[WHAT IS REQUIRED] Only the pictures are to be left out; write out the rest of the data exactly.

[DATA SECTION]
----

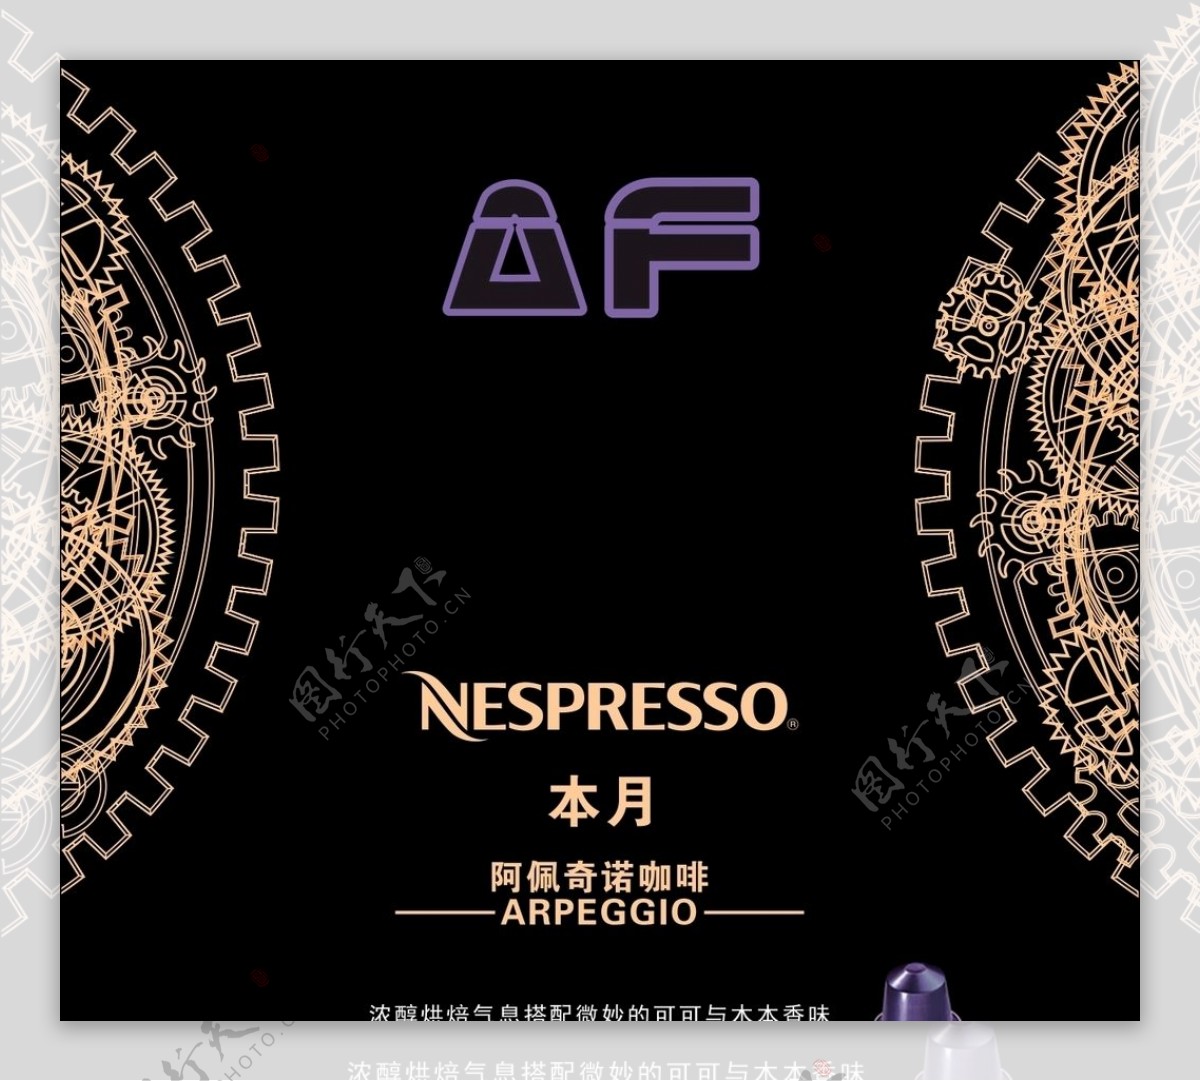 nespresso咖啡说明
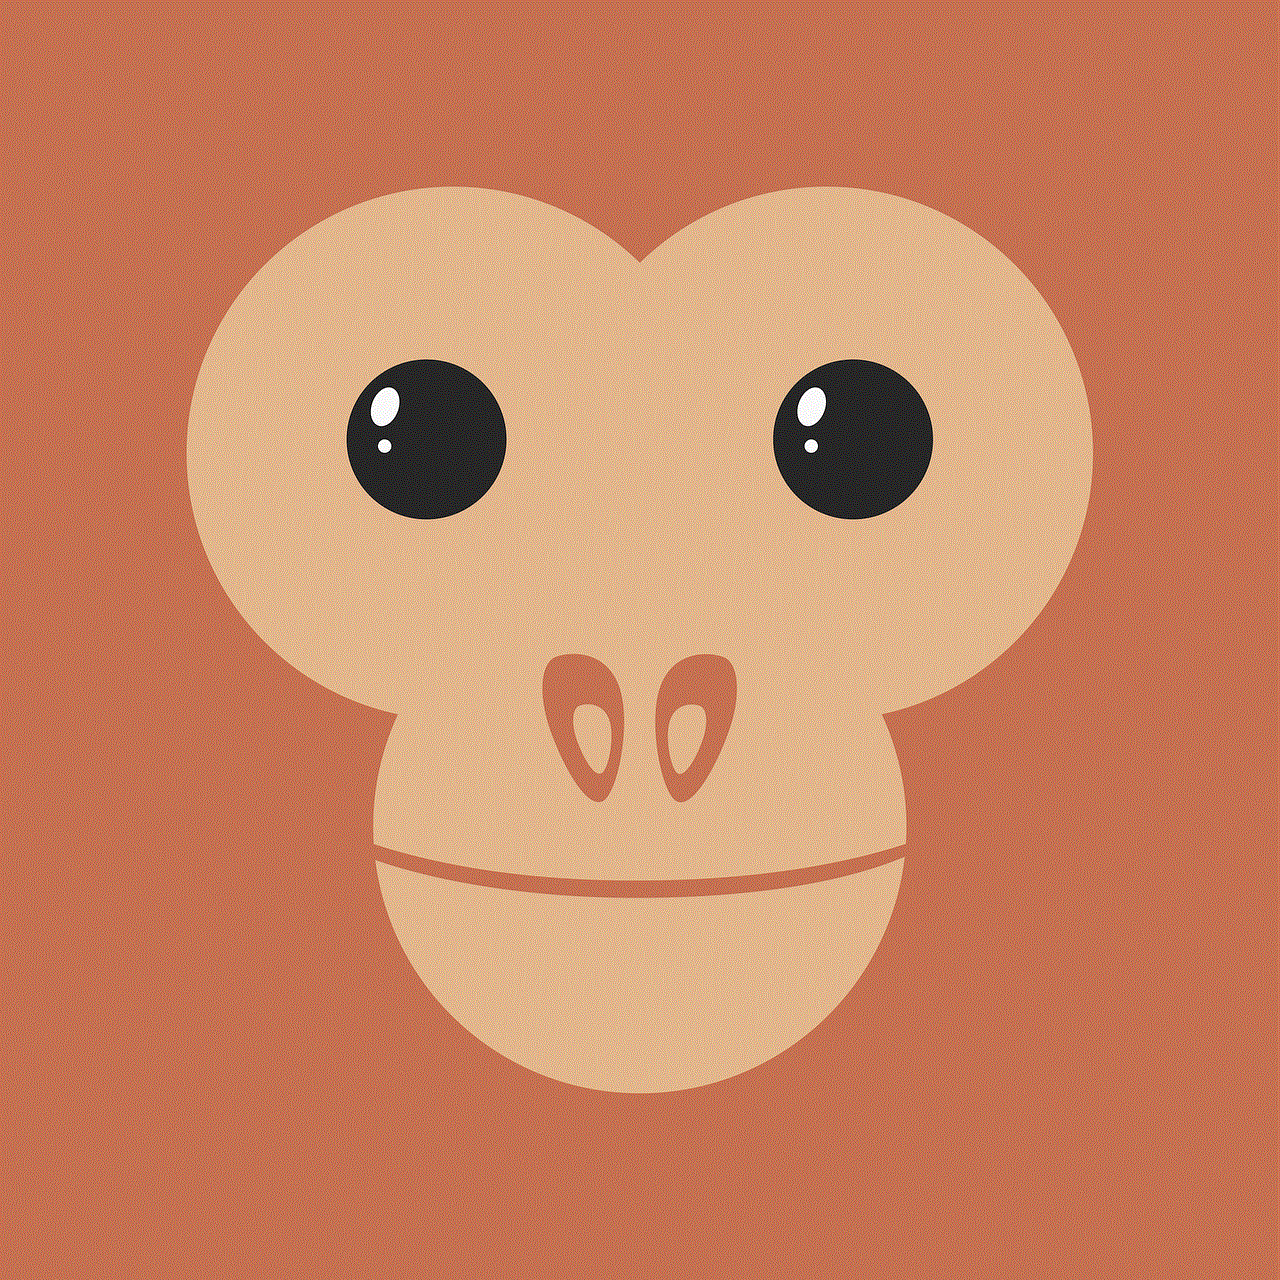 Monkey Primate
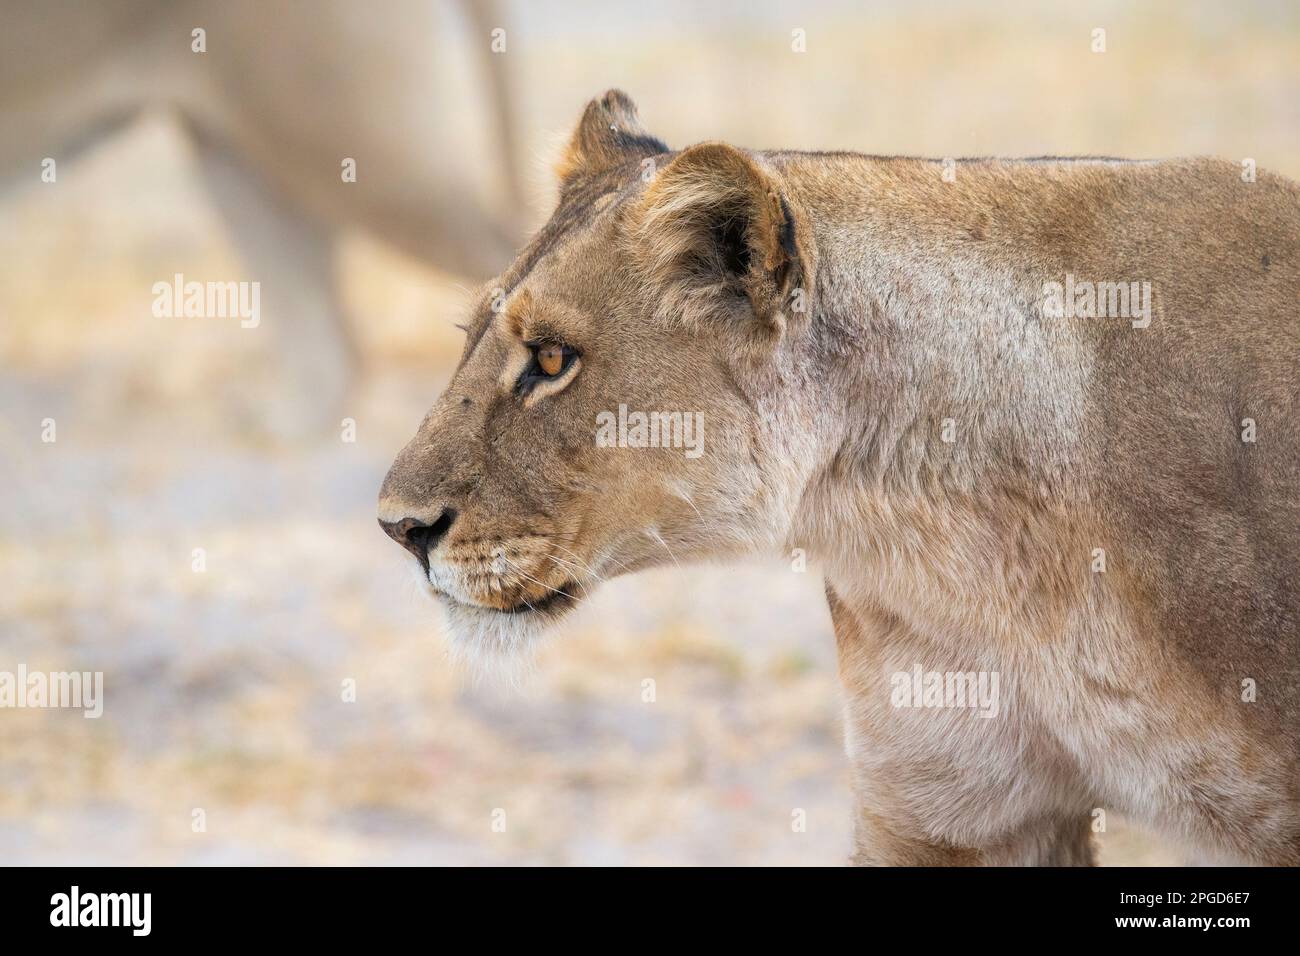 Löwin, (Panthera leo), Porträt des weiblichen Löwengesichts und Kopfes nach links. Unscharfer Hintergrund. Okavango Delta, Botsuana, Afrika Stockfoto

----

[SOLUTION TO THIS TASK]
 nespresso咖啡说明
 Monkey Primate
 Löwin, (Panthera leo), Porträt des weiblichen Löwengesichts und Kopfes nach links. Unscharfer Hintergrund. Okavango Delta, Botsuana, Afrika Stockfoto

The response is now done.